After he left she went into the bathroom and reassembled the towel bar.

She was going to be all right, and she had not quite known that before. She was going to stay in New Hope, too, and that was another thing she had not previously known. She liked it here, liked it here better now, with Marc gone, than she had with him present.

She would have to make certain changes, of course. She would need a job that paid more money and an apartment that cost less. But it was not urgent that she find either of these things immediately. It was more important that she make no sudden moves, that she permit things to proceed at their own pace.

She straightened the apartment. It was always easier for her to keep a place neat when she lived alone in it. Clutter tended to irritate her when she was living alone. Then she undressed and stood under the shower. She washed her hair, and a melody ran through her mind, just the tune at first, and it took her a few moments to fit words to it. “I’m gonna wash that man right out of my hair...” Funny how tunes did that, popping up involuntarily at the proper time.

She soaped and rinsed, soaped and rinsed, letting the stream of warm water play over her breasts and loins. She felt a quiver of erotic response and smiled. Ah, good, she thought. The machinery still worked. It was nice know that the machinery still worked.

She dried off, turned the sofa into a bed. The sheets held his smell. She noted this but found it neither pleasing nor disturbing.
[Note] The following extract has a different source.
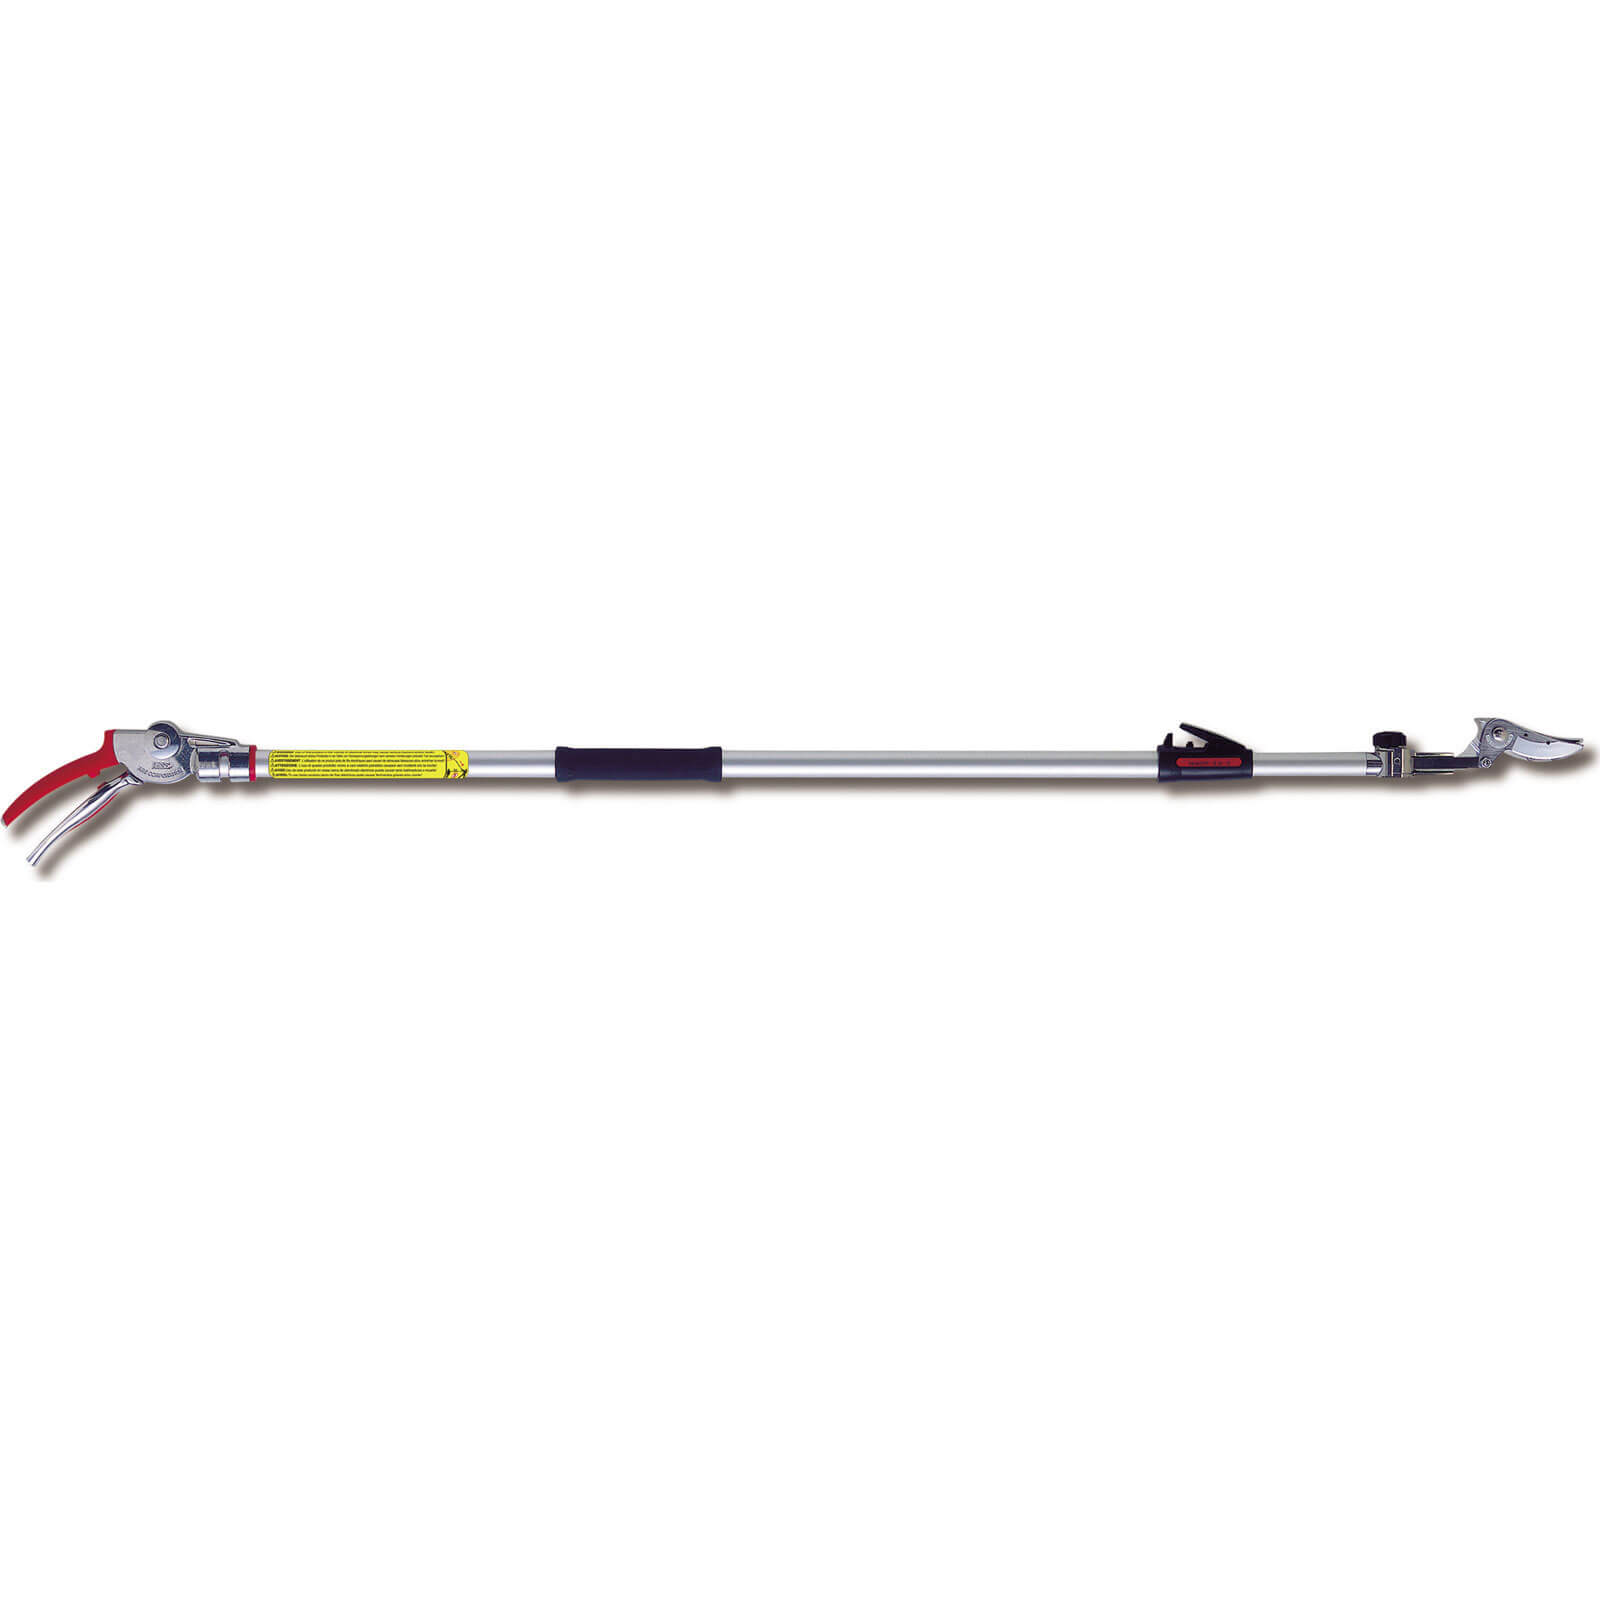 ARS Swing Head Telescopic Bypass Tree Pruner with Small Cut & Hold Blade Extends 1300 - 2000mm

She lay on her back in the darkness. With one hand she held a pillow against her breasts, hugging it close, and with the other hand she stroked herself. You’re regressing, she thought, but she had actually never done this in adolescence, had not known that it was possible for a girl to excite herself. It was not until she was halfway through her marriage to Alan that she discovered masturbation.

Now she played with herself very slowly and lazily. Her mind was virtually blank. There was no fantasy, no memory, only the pure tactile pleasure of her fingers upon her loins. At one point she heard Peter’s voice telling her that she was going to be all right.

After half an hour or so she got out of bed, made toast, fried a couple eggs. She had not reached orgasm. It would have been easy for her to do so, it always was, but she did not want to.

Two

Peter walked easily down the stairs, then felt his shoulders sag as he reached the door to his own apartment. For a moment he was tempted to go straight to the theater. It was safe enough to walk around New Hope with drugs on one’s person; if they busted everyone in town who was holding at any given moment they would cut the local population in half. Besides, he was known, he was local. The mobs of itinerant freaks who massed around the base of the cannon were subject to periodic frisks, but New Hope residents could do everything short of shooting up in public without drawing official attention.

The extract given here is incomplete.